At junior secondary school level, the national average was 32 children to one teacher, but in the Upper East, the ratio was 74 children per teacher. The Northern region had 73 children per teacher and Upper West had 47 children per teacher. These regions also had the highest class-sizes in Ghana. While the national average at the primary school was 46 children, Upper East had an average of 120 children per classroom. The Northern region had 75 children per classroom and Upper West had 61 children per classroom. At the JSS level, the national average of 60 children per classroom was dwarfed by 188 per classroom in Upper East, 161 in Northern Region 161 children per classroom and 74 in Upper West Region.
The extremely large class-sizes are normal, but in the Tamale area, my observation is that many private schools and other elite public schools are attracting an unprecedented number of pupils.
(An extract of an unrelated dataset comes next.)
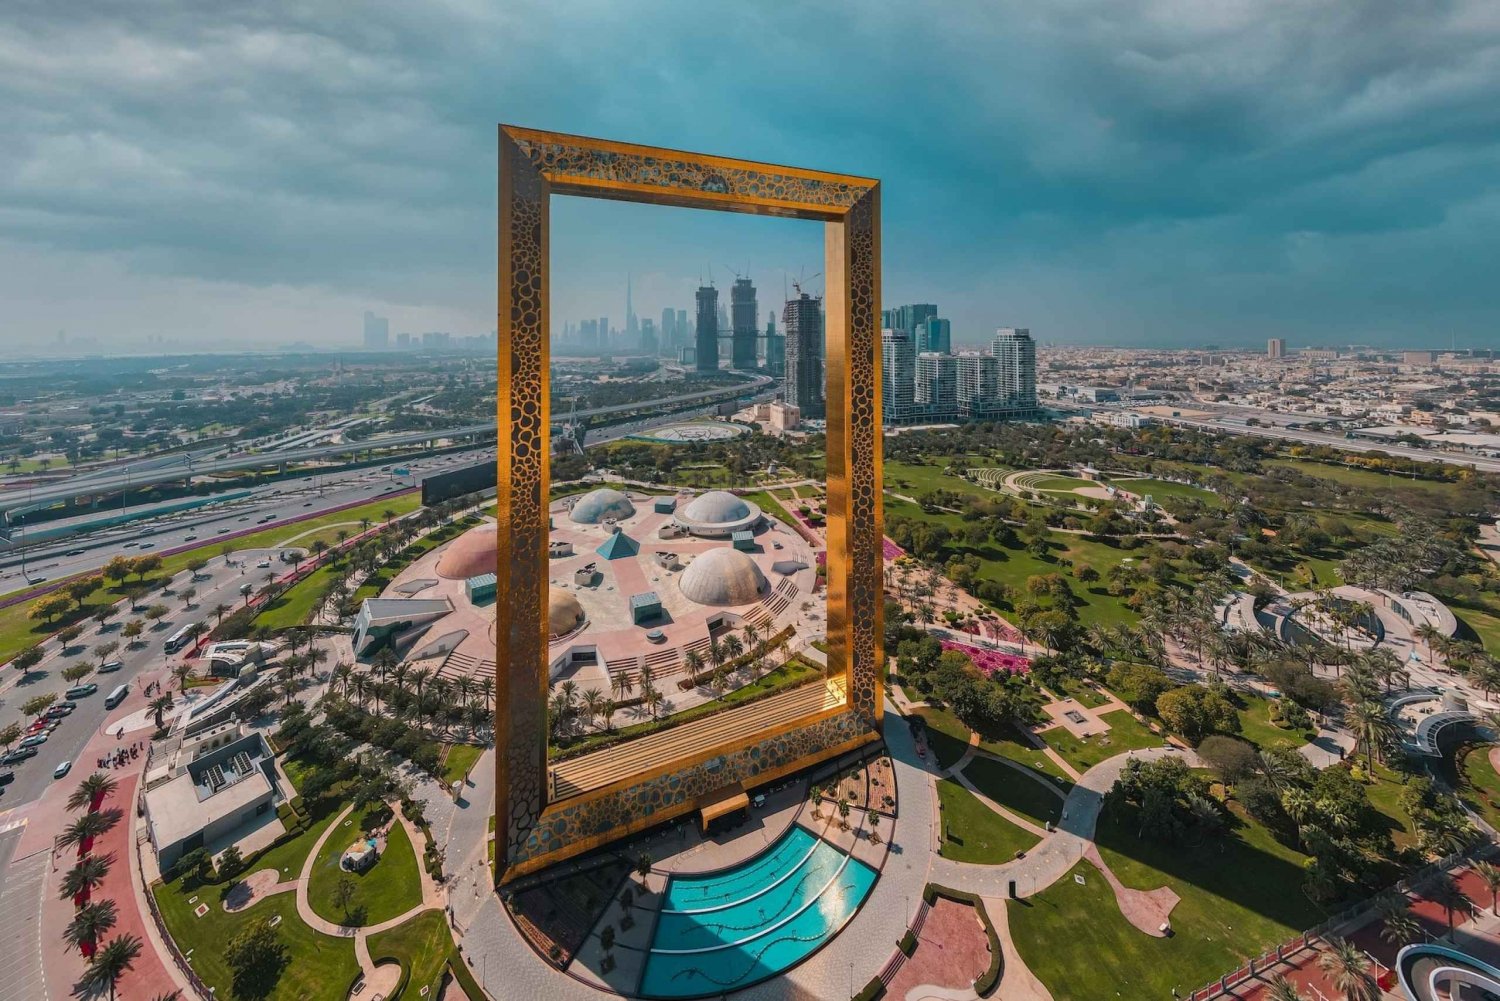 Dubai City Tour: Guided Tour

Unfortunately the schools do not limit the numbers that are enrolled in each class and the inevitable outcome effect is reduction in quality education. I have been to many schools and seen the incredible large numbers of students in the classrooms and often wondered how any child can effectively learn in those environments.
Basic learning theories support the conclusion that ideal learning environments should be cultivated around quality teacher-student interaction and large student numbers preclude any such effective interaction. Thus, the higher pupil-teacher ratios and extremely large class-sizes in Tamale impose on teachers an unachievable goal in terms of optimising learning for all pupils. And this, coupled with teacher absenteeism and ineffective monitoring, propels the odds are against the pupils in such schools when they are tested against national standards at the BECE.
In my opinion the Tamale Metro assembly and GES need to look at solutions such as:
• Increasing the school day by another 30 minutes to one hour per day over 3 days of the week and creating after-school programs such the ones run by CEVS-Ghana and other NGOs. Involve NGOs working in the education and community development sectors to come together to support the Metro assembly’s effort at taking the children off the streets. These measures will have the dual effect of adding more learning time and taking the children off the streets through lessening children’s access to too much idle time after 2pm. It is hoped that these measures may create a culture of learning and allow for the formation of informal learning communities in the metropolis.
• Establishing a teacher training regime such as the EQUAL program at a local level to fill in skill gaps. This can also be done in partnership with NGOs. (I am aware a few NGOs have recently started such programs).
• Targeting the many new suburbs that are growing and merging with the Tamale as potential areas that should benefit from Parental Educational Participation Programs. These programs should seek to change parental attitudes toward involvement in their children’s schooling. We need to know that mandated programs such as PTAs, established in a culture of expectations of immediate economic benefit, are unlikely to be sustained.
• Insisting that the many private schools and elite public schools that are attracting unprecedented numbers of pupils enroll only reasonable numbers per class or create many streams for each year group and served by a single teacher.